Rep. Trent Franks of Arizona
For a minute there, it appeared that the holiday recess would arrive without congressional Republicans introducing yet another bill attacking reproductive rights. But, in a year when such legislation at the state and federal level has been record high, expecting a reprieve was a vain hope.
The bill would ban abortions undertaken because of the race or gender of the fetus. It was actually first introduced in 2009 and never emerged from committee. But it got a possible boost earlier this year when Arizona became the first state to enact a version of it. The provider could be prosecuted under the law, but not the woman seeking the abortion.
Sex-selection abortions are a problem in parts of the world and, moral issues aside, have produced off-kilter male-female ratios in the population of China, parts of India and some of the old Soviet Republics. But there is no evidence that sex-selection abortions are rife in the United States. In fact all but 5 percent of abortions in the United States take place before an ultrasound can even determine the fetus's sex.
As for race, a pregnant woman usually knows the race of her fetus, and if she doesn't, no test will make that determination. The argument of the forced-birthers is, however, that providers like Planned Parenthood are engaged in "black genocide" via abortions. The statute reads: Evidence shows that minorities are targeted for abortion and that sex selection abortion is also occurring in our country. What evidence? There is evidence that minorities are targeted for pay-day loans and traffic stops and bank red-lining. So now in Arizona racial discrimination against fetuses is disallowed, but against actual people it appears mandatory.
The guy who introduced this twisted proposal in the Arizona state legislature back in January was Rep. Steve Montenegro. But, as noted, it originated in Congress two years ago with Rep. Trent Franks (AZ-02), who once called Barack Obama an "enemy of humanity." He took the GOP's notorious naming-of-bills campaign to new depths and labeled the proposal the Susan B. Anthony and Frederick Douglass Prenatal Nondiscrimination Act of 2011. As Robin Marty at RH Reality Check says, that's not a joke.
Anthony's name was long ago hijacked by the anti-choice movement based on hotly disputed interpretations of what she had to say on the subject well over a century ago when abortions even by a doctor were dreadful, perilous affairs. So her appearance in the name of this bill is no shock even though it's impossible to know what her position on the issue would be today. But Douglass? Since he took no public stance on abortion, an anti-choicer stomped on his greatest speech to make one up for him.
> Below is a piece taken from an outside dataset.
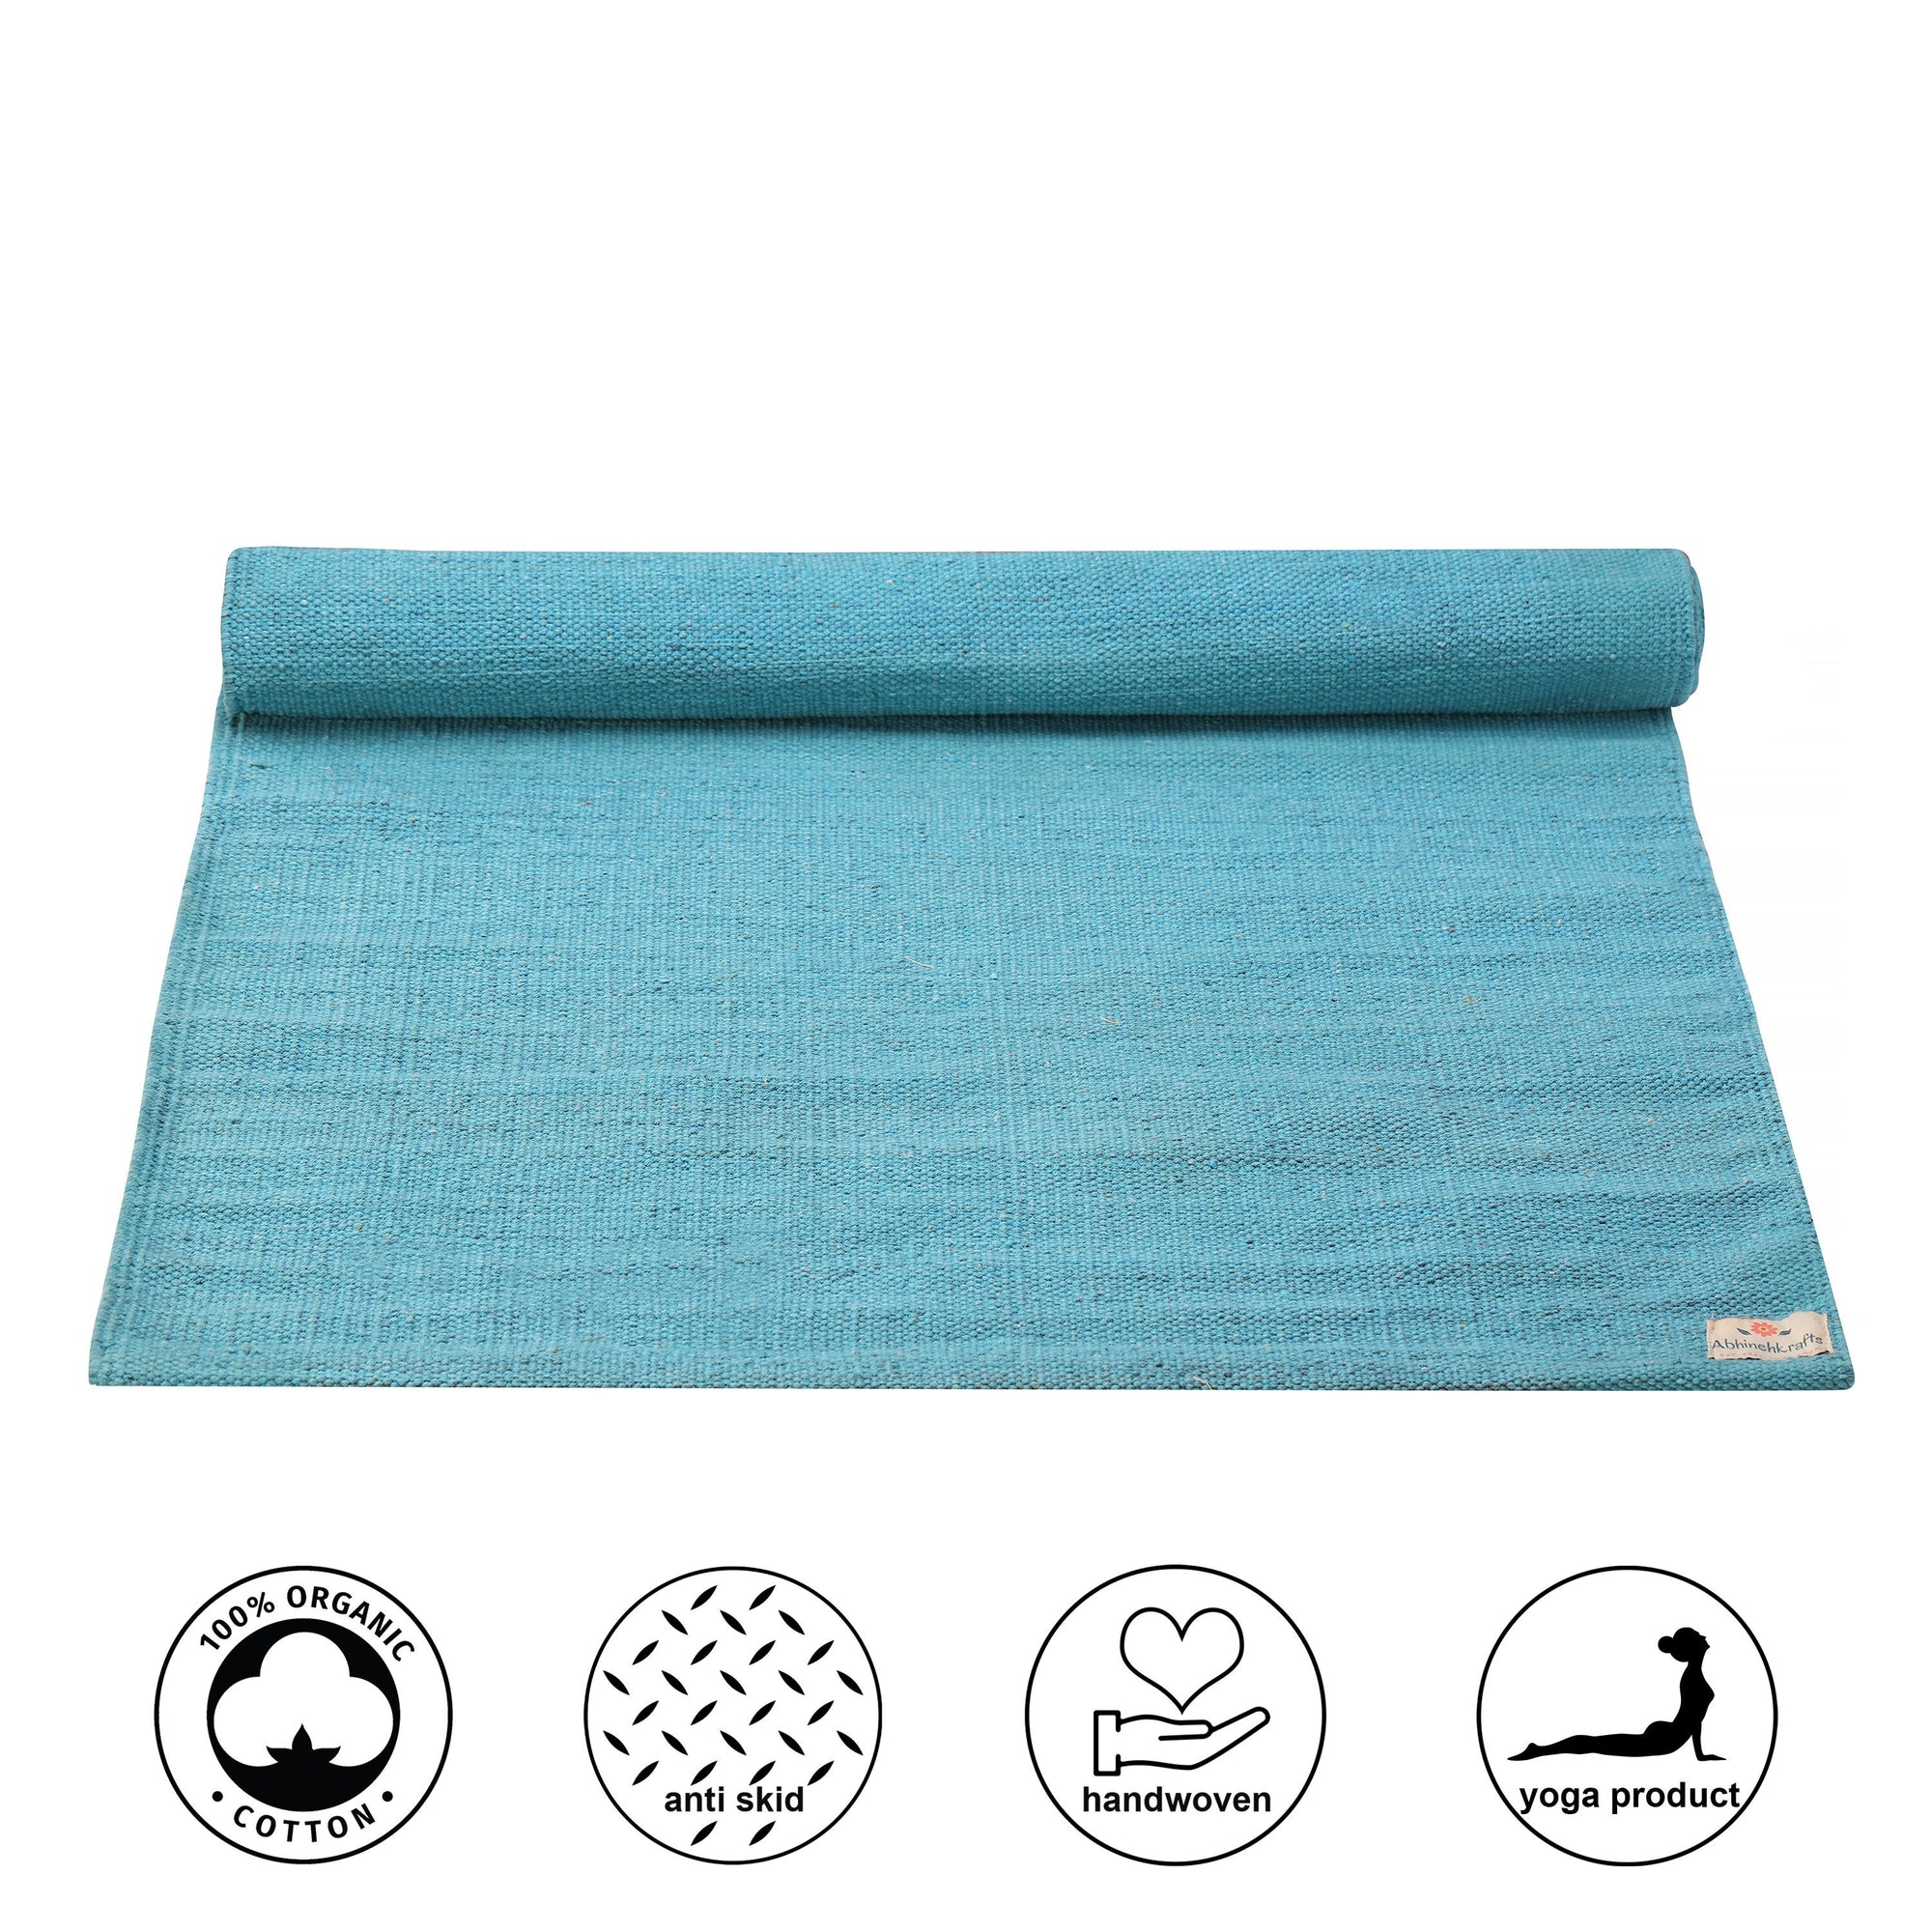 Handmade Yoga Mat, Made Of Old Recycled Cotton Sari Cloth And Used For  Exercise Al1013, Yoga Mat, Rag Rug, Eco-friendly Mat - Buy India Wholesale Yoga  Mat $6

Is the ultimate sick premise here that if someone who looks like Susan B. Anthony and Frederick Douglass hook up, they won't be able to abort the mixed-race fetus because it could obviously only be done for race-selection purposes? Is any of this crowd aware that Frederick Douglass's second wife was white?
Democrats should learn from this naming game. If President Obama had called his languishing jobs bill the "God bless Jesus and Unborn Americans Act," it would have passed already.